The results of these polls were encouraging. The 2002 Community Perception Study
(Research and Polling, Inc.) indicated that 10% of respondents rode to work or school
more than 50 times per year and another 9% rode between 6 and 50 times per year. This
number compares favorably with bicycling-friendly communities such as Gainesville,
Florida; Eugene, Oregon; Boulder, Colorado; and Madison, Wisconsin (FHWA-PD-92-
A second survey “County-Wide Bike Survey Findings” was commissioned by the
County, sent by county mailing, and tabulated by the Bicycle Subcommittee. Drawing
from 1000 questionnaire responses from households representing all age and
neighborhood groups, the Bike Survey found that there is a strong desire for safe and
favorable bicycle and pedestrian infrastructure throughout Los Alamos County. Over
two-thirds of the respondents favor some combination of on-road and off-road bicycling
improvements.
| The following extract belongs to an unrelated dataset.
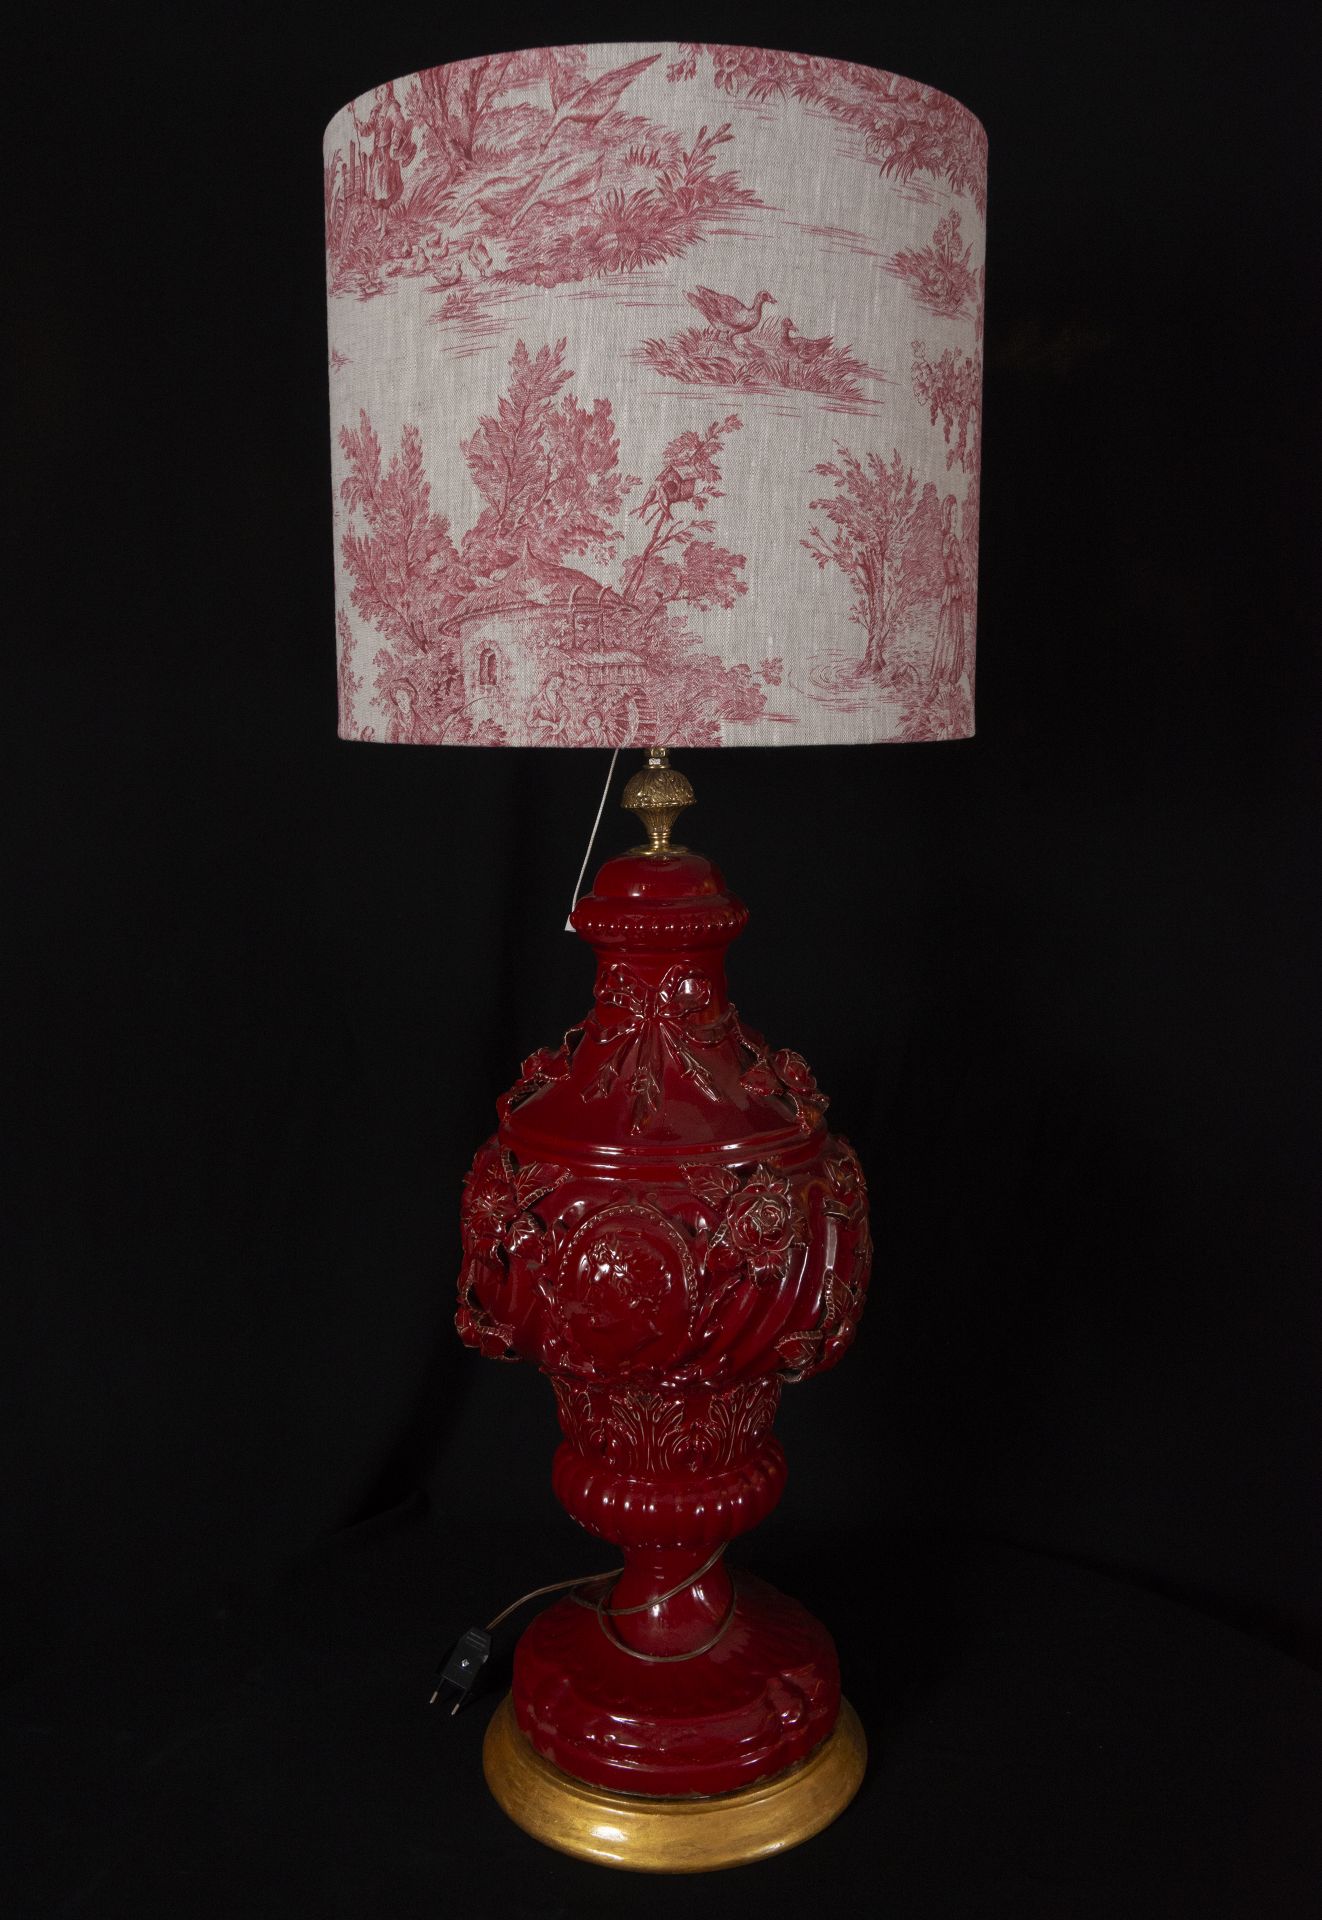 Elegant Pair of Lamps in red glazed ceramic from Manises and Toile de Jouy, 19th century - Image 2 of 5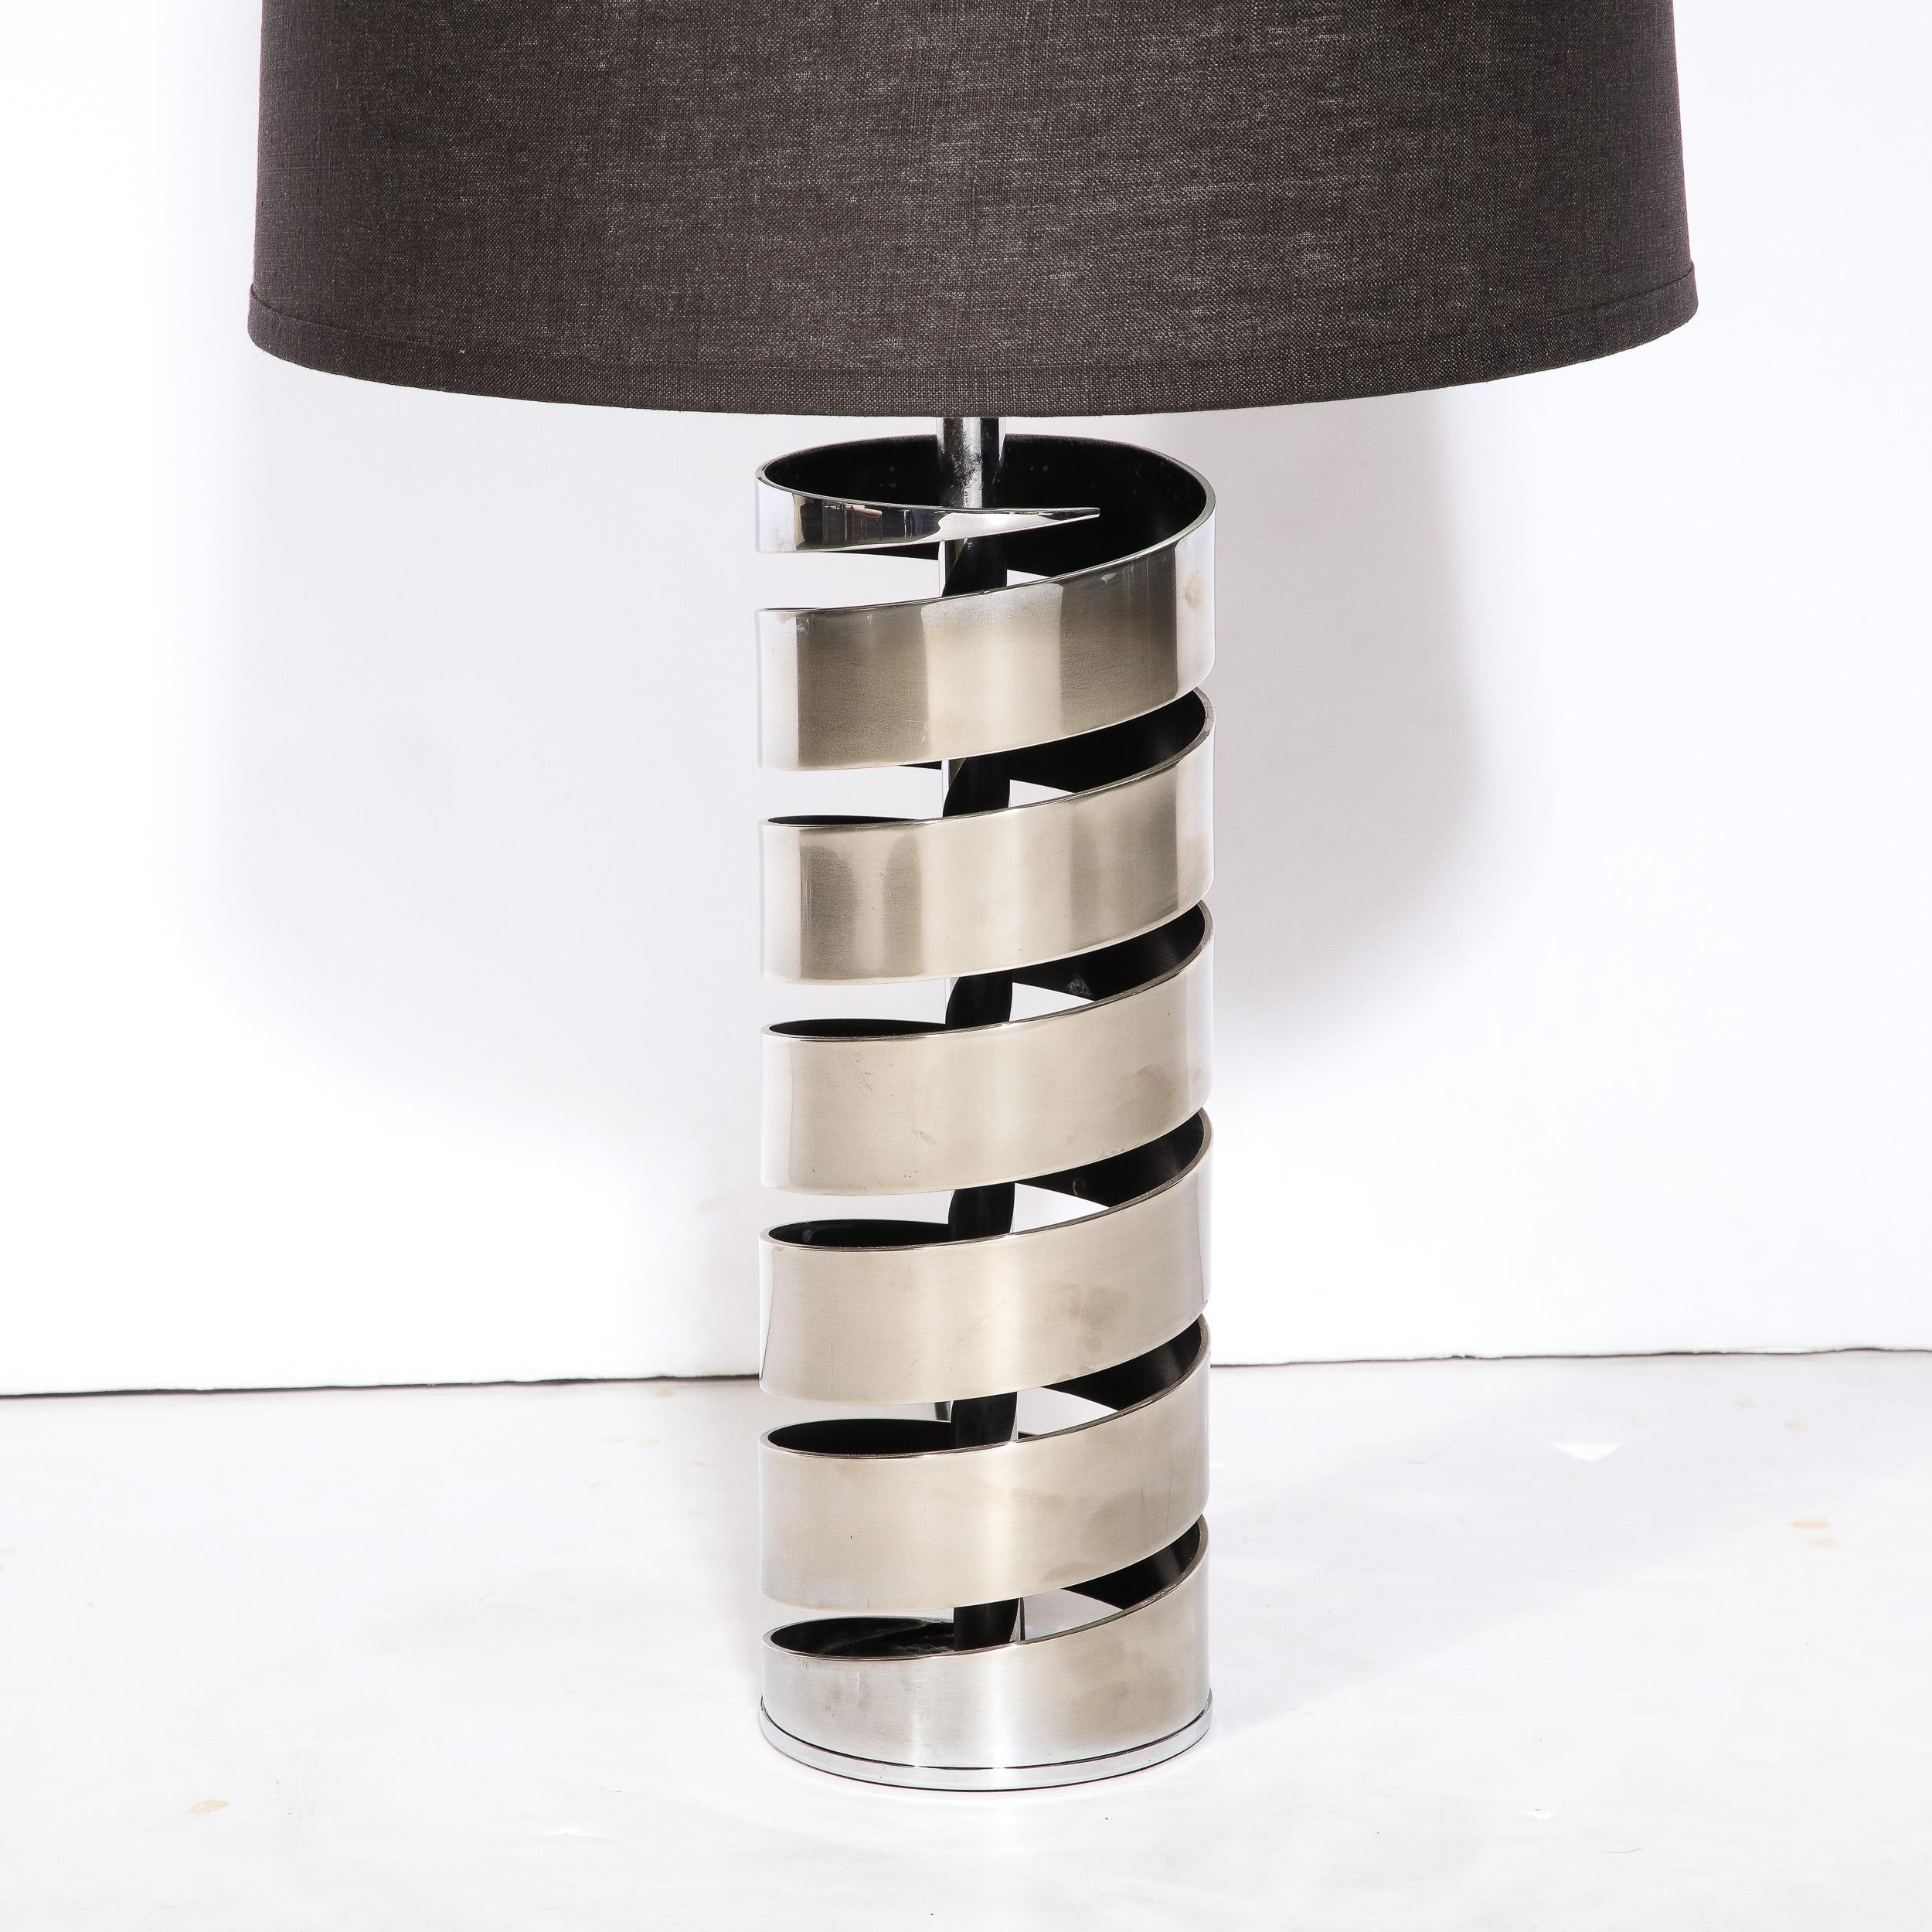 American Modernist Torqued Spiral Form Table Lamp in Satin Nickel For Sale

Safety concerns were by far the greatest response noted by both
recreational and commuter bikers with Diamond Drive, Trinity Drive, and Pajarito Road
being cited as particularly dangerous routes.
Drawing on these polls, numerous public meetings and internal deliberations regarding
the best match of Los Alamos’ infrastructure with our desire to provide safe and efficient
bicycling as transportation, the Bicycle Subcommittee submitted its recommendations,
unanimously, to the full Transportation Board for consideration at its April 2005 meeting.
The above motion is the Transportation Board’s motion regarding bicycle routings. Our
mission is simple: that our transportation system should connect cyclists from their
homes to their destinations (schools, downtown, place of employment) in a bicycling
friendly manner. Therefore, these routes were chosen to connect residential communities
to destinations. Particular attention was taken to improving collectors and arterials (and
to the extent possible, encourage regional connectivity on State and LANL routes) since
these often have high traffic flows and sometimes lack shoulders or bike lanes. Equally
important, we focused on roads surrounding our schools (approximately within a one
mile radius for non-bused children) in order to address “Safe Routes to School” concerns.